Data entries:
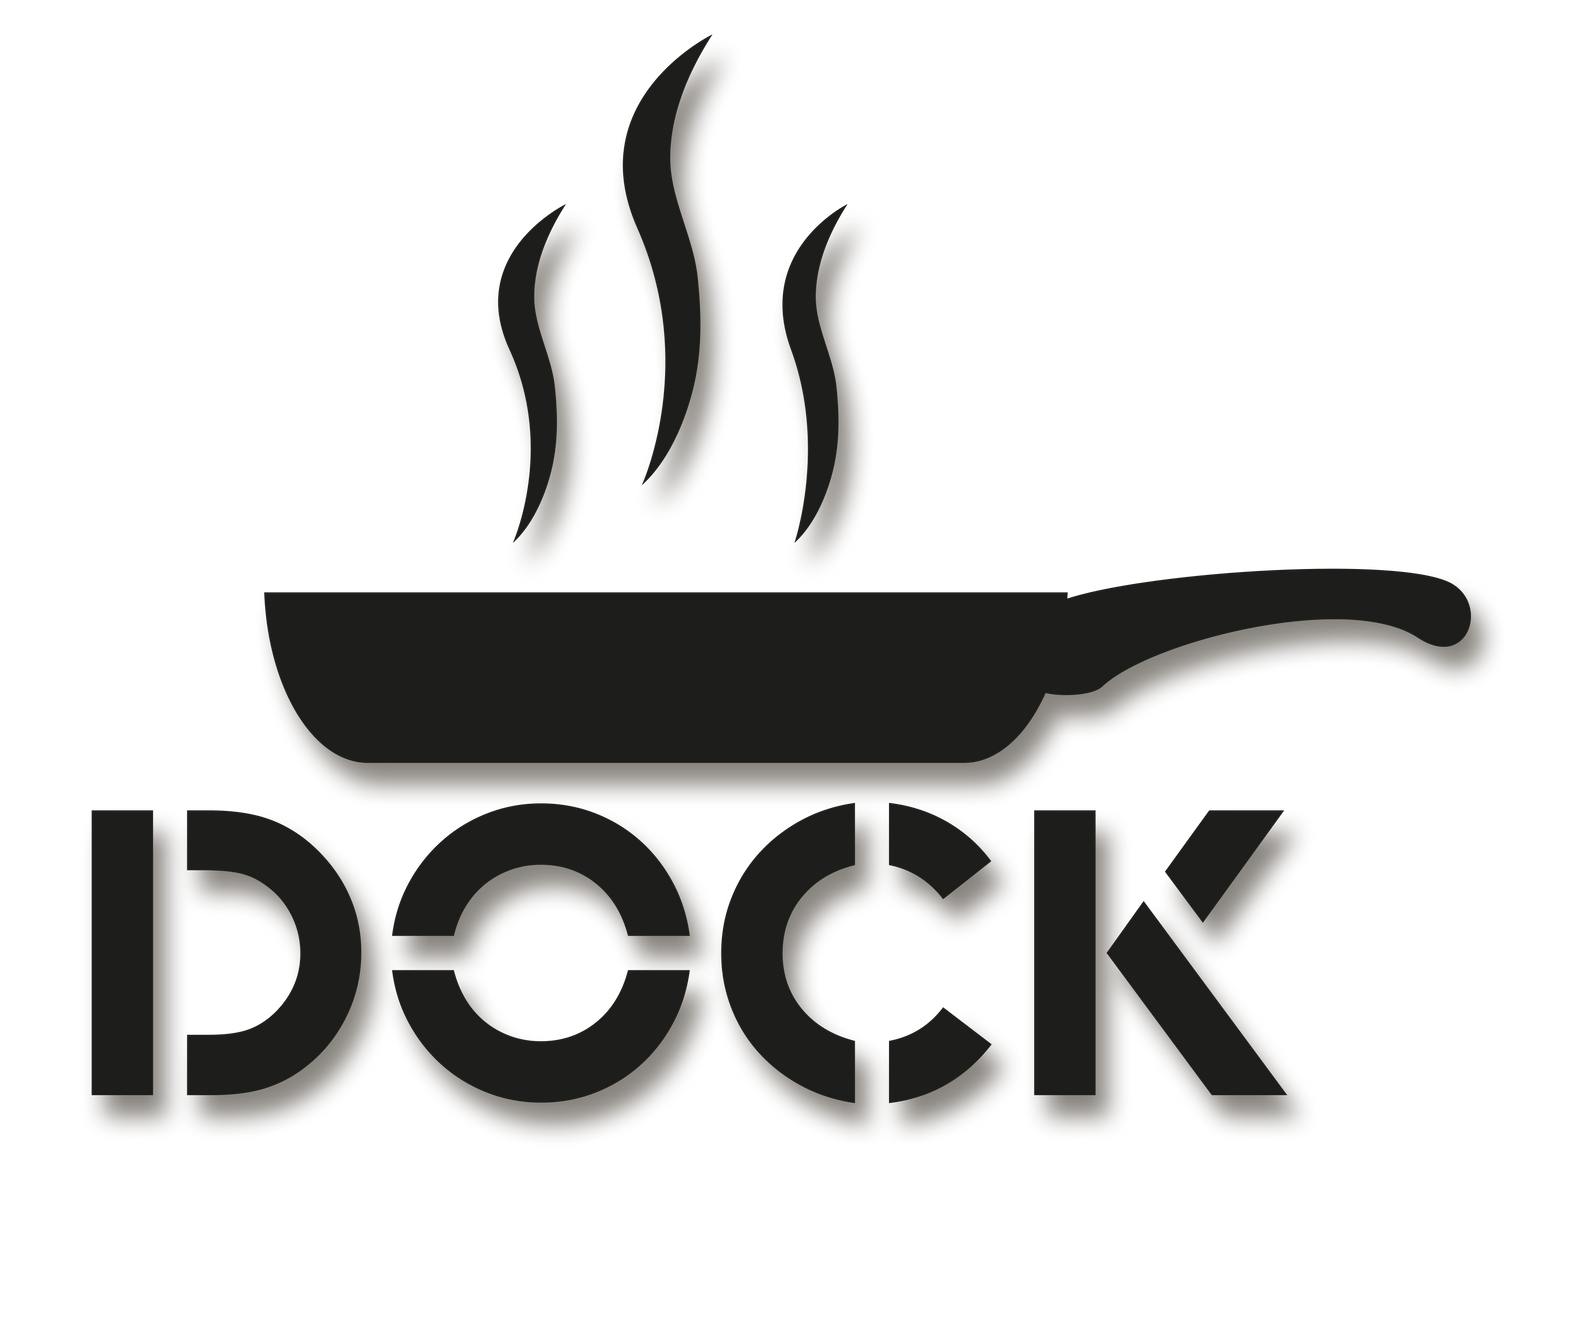 www.dockoutdoors.com
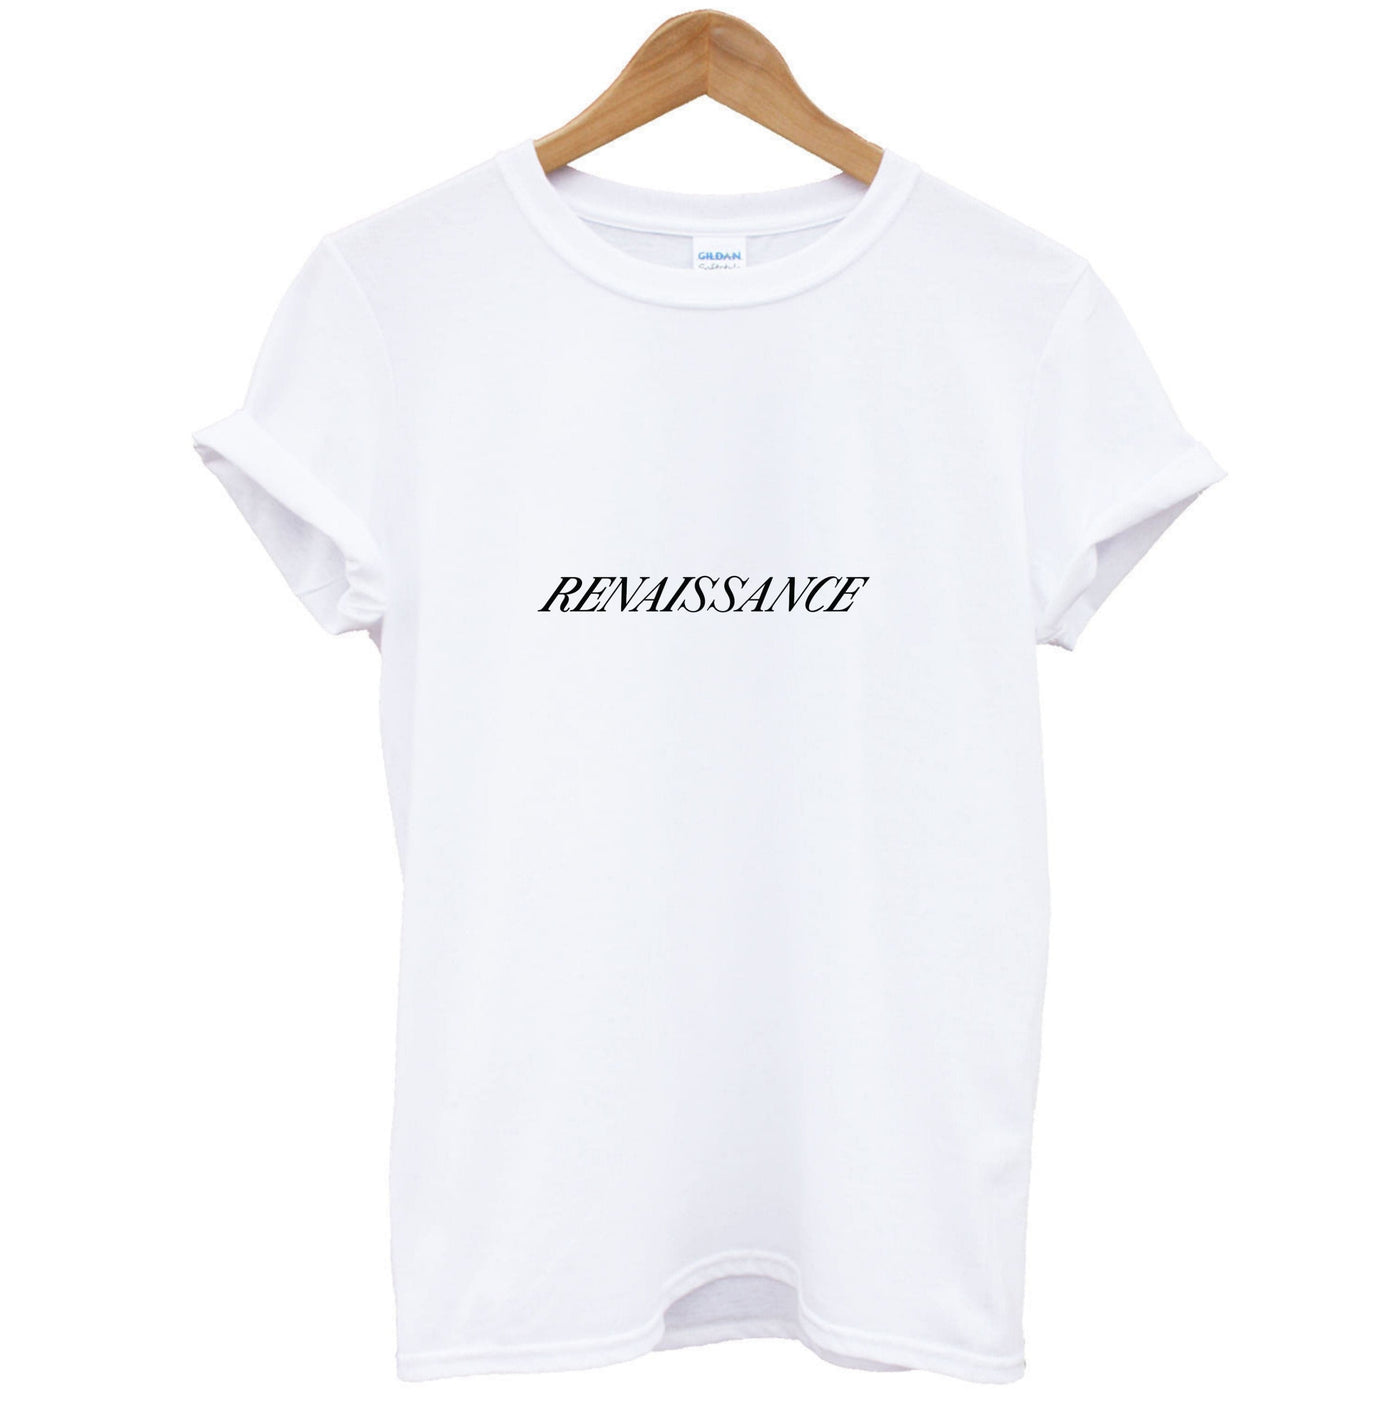 Renaissance - Beyonce T-Shirt
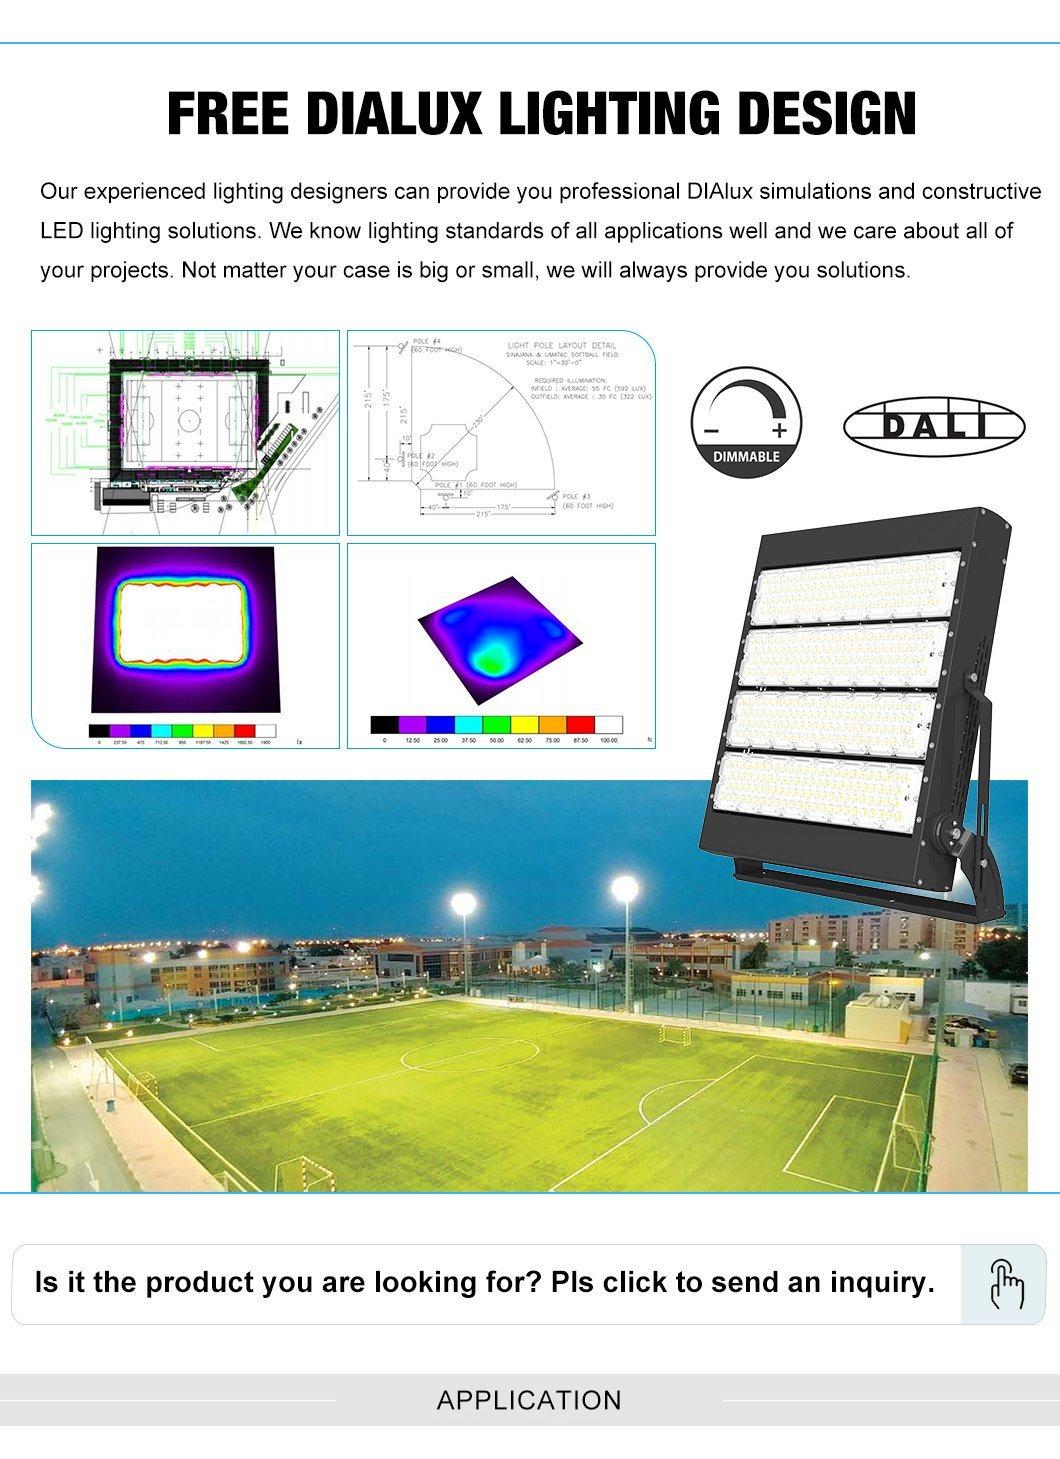 IP65 Waterproof New Design Stadium Lighting 500W 600W 800W Floodlight Multiple Optical Lenses LED Stadium Lamp 5 Years Warranty Stadium Lamp
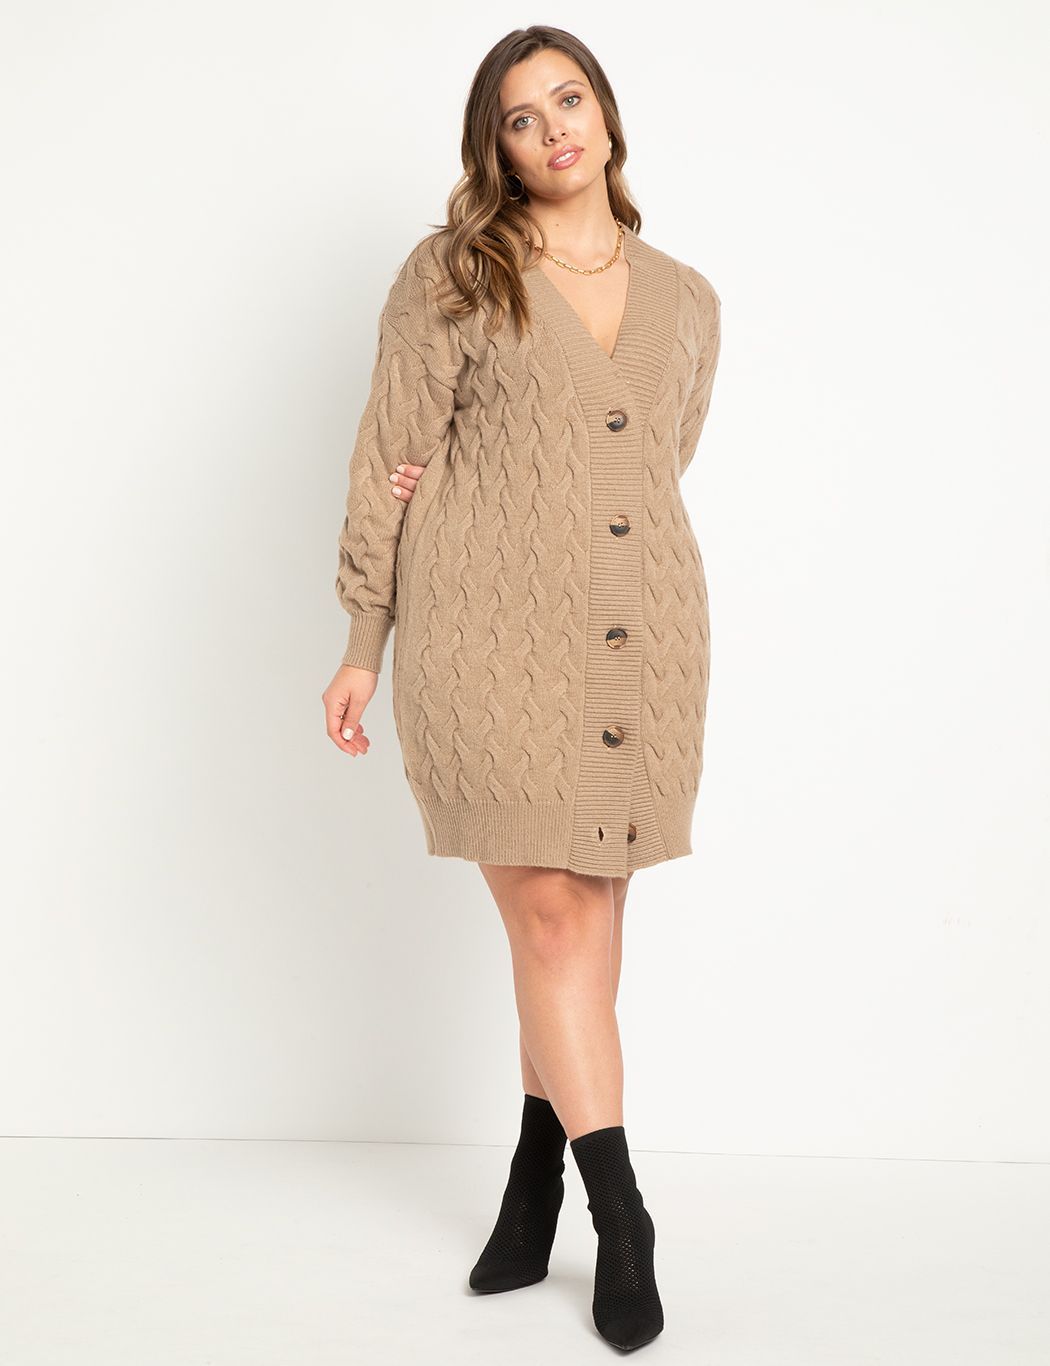 Novelty Stretch Cardigan Sweater Dress | Women's Plus Size Dresses | ELOQUII | Eloquii
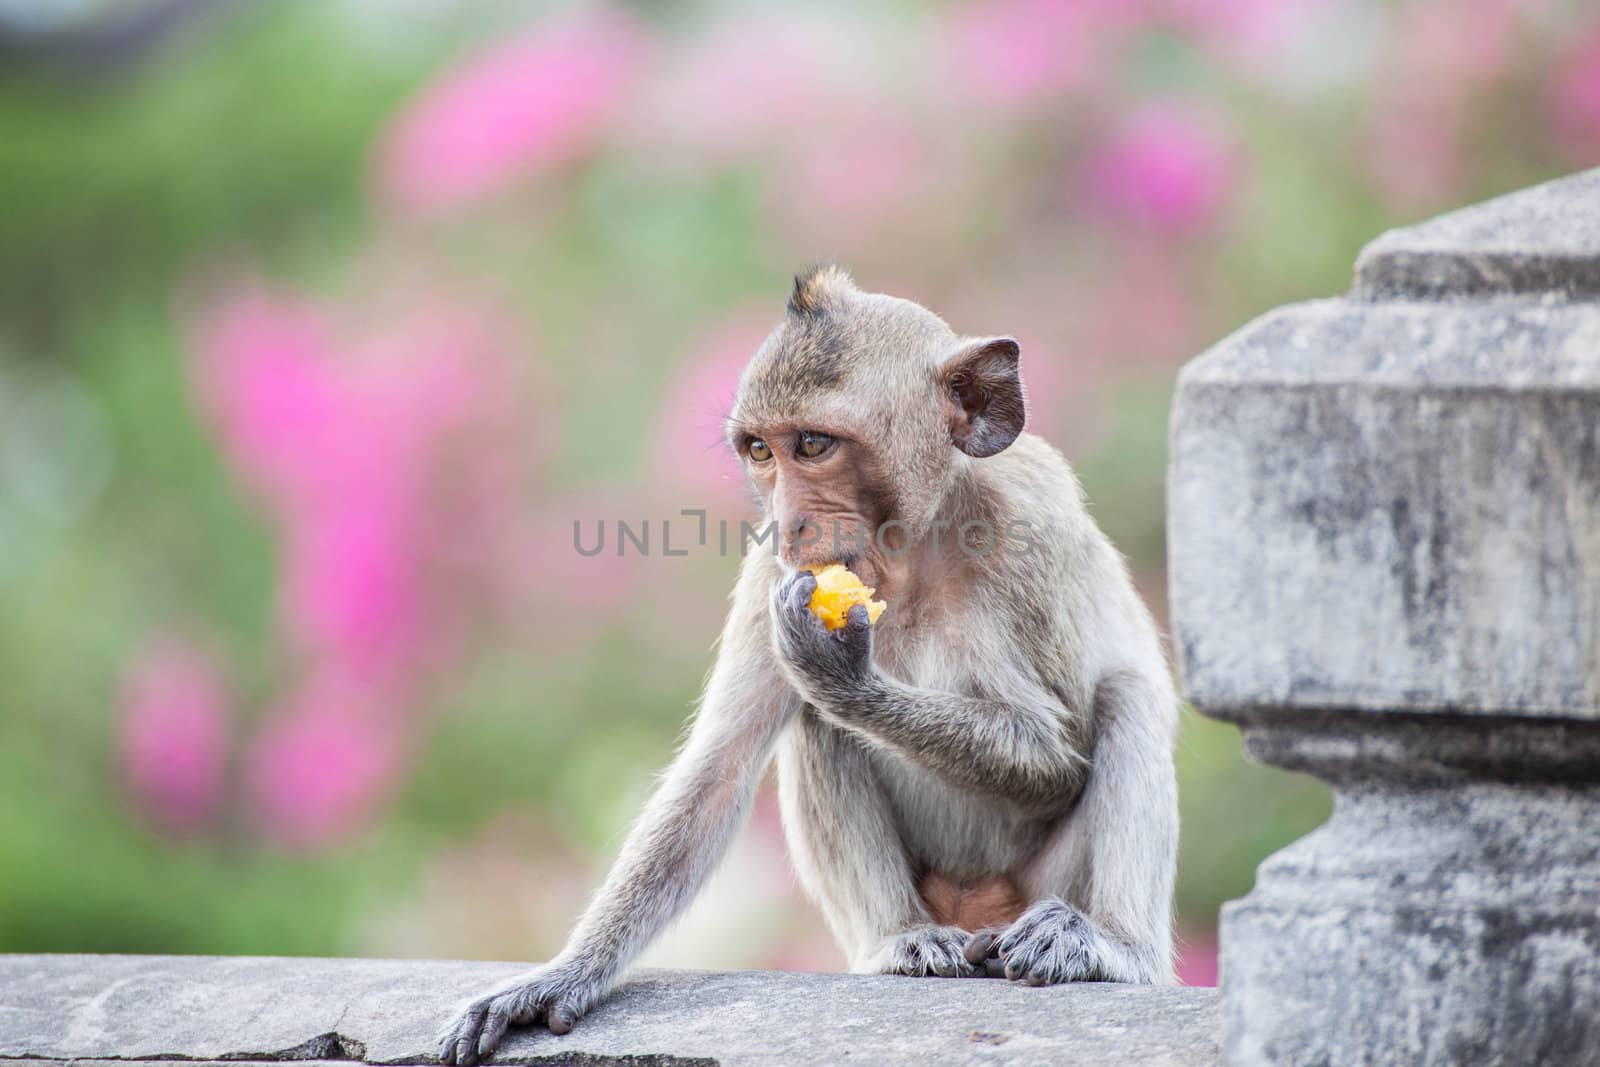 Monkey by thanatip

Prompt:
Set down only the lines running from the line with "Novelty Stretch Cardigan" to the end of the entries, inclusive; omit every picture.

Response to this task:
 Novelty Stretch Cardigan Sweater Dress | Women's Plus Size Dresses | ELOQUII | Eloquii
 Monkey by thanatip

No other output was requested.